See the task description, "For labvirt/cloudvirt I'll create a separate ticket as more steps are necessary." This needs a backport of SSBD support for the qemu version cloudvirt is using and some tests for the level of L1TF mitigation required.

aborrero updated the task description. (Show Details)Nov 21 2018, 9:54 AM

hey @Bstorm any suggestions to handle labstore1006 and labstore1007 reboots? Those are for Dumps, right? cc @ArielGlenn

They are indeed for dumps; one is set up to be the web server, and a reboot of that means that the broader public will notice. The other provides NFS service of dumps to stat100* and to labs vms (includes toolforge I think), and this is a bit finicky. Definitely @Bstorm will want to weigh in on these.

So far, we haven't had a smooth maintenance on those two. They will break toolforge for at least a bit. Otherwise, there is a failover mechanism. They are both NFS and web servers (only one gets the DNS). We may just want to fail over the web functions and reboot in place for the NFS. The failover story is only so useful for the NFS (since it is based on symlinks) for a very short outage. It's intended for taking one down for a longer time.

That should require a simultaneous change to the hiera to refresh the cert and to DNS to change servers. It takes a little bit for a DNS-based failover, naturally, so the schedule should be staggered by a couple days for that.

• chasemp subscribed.Nov 26 2018, 5:38 PM

• Bstorm updated the task description. (Show Details)Nov 27 2018, 3:27 PM

I'll set the DNS switch over to run over the weekend so all the DNS caches in the world clear up. Once it is on 07, I'll reboot 06 and switch it back for the reboot of 07 on Friday. That should be pretty smooth for the web. The NFS should be ok as long as the reboot goes smooth and it is announced that it will flake out a bit. We can do the failover, but I don't see much benefit on a straight reboot because the load numbers on clients will climb anyway until it comes back up.

I'll change drop "pending" when I actually send the announcement.

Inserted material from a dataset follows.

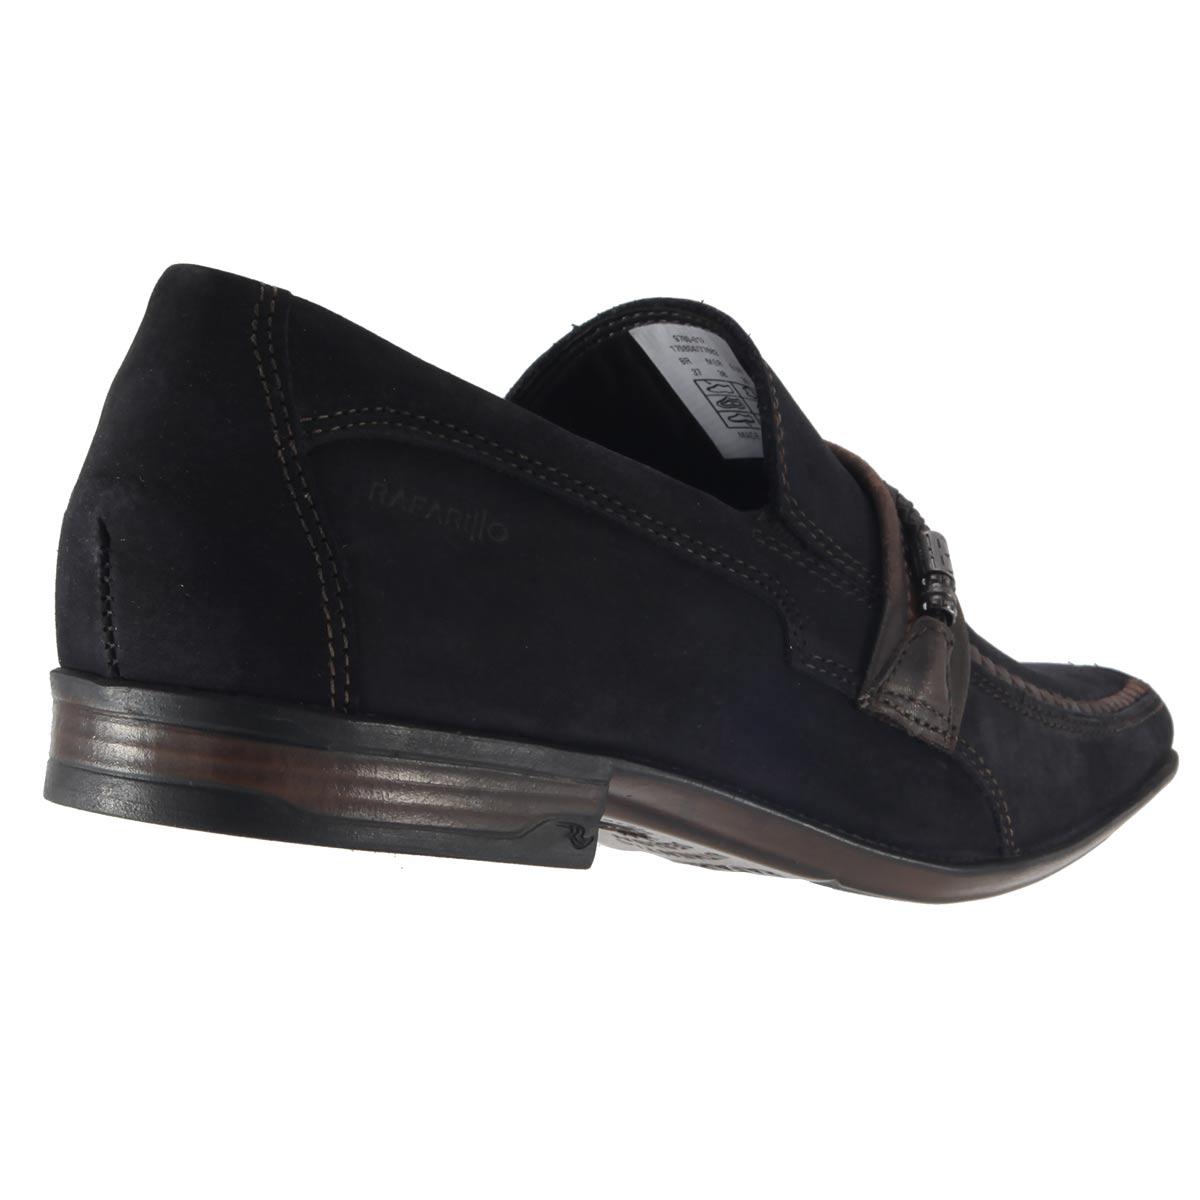 Sapato Rafarillo Masculino Couro Vegetal Natural Nobuck 9780

Mentioned in SAL (#wikimedia-operations) [2018-11-27T17:23:41Z] <arturo> T207377 icinga downtime labnet1001

aborrero updated the task description. (Show Details)Nov 27 2018, 5:38 PM

• Bstorm updated the task description. (Show Details)Nov 28 2018, 10:42 PM

aborrero closed subtask T209517: Upgrade/reboot labsdb* servers as Resolved.Nov 29 2018, 12:35 PM

So labstore1007 has a current certificate for dumps.wikimedia.org:

Validity
    Not Before: Nov 28 13:59:40 2018 GMT
    Not After : Feb 26 13:59:40 2019 GMT
Subject: CN=dumps.wikimedia.org

It looks like that's because it's running some new certcentral stuff. That appears to be the identical cert as the partner has, which makes failover really easy. I somehow wasn't sure if that new cert management stuff was done.

So, I'll just fail over the DNS then.

Change 476903 had a related patch set uploaded (by Bstorm; owner: Bstorm):
[operations/dns@master] dumps distribution: fail over dumps to labstore1007 for upgrades

https://gerrit.wikimedia.org/r/476903

gerritbot added a project: Patch-For-Review.Nov 30 2018, 6:19 PM

Change 476903 merged by Bstorm:
[operations/dns@master] dumps distribution: fail over dumps to labstore1007 for upgrades

https://gerrit.wikimedia.org/r/476903

Mentioned in SAL (#wikimedia-operations) [2018-12-03T17:09:41Z] <bstorm_> T207377 reboot labstore1006 for upgrades

• Bstorm updated the task description. (Show Details)Dec 3 2018, 5:22 PM

Mentioned in SAL (#wikimedia-operations) [2018-12-07T17:17:09Z] <bstorm_> T207377 rebooted labstore1007 for kernel upgrades

• Bstorm updated the task description. (Show Details)Dec 7 2018, 5:17 PM

Thanks @Bstorm and @GTirloni you both did most of the heavy work :-)

I'm closing the task now as done, since labstore1003.eqiad.wmnet is going to be handled differently.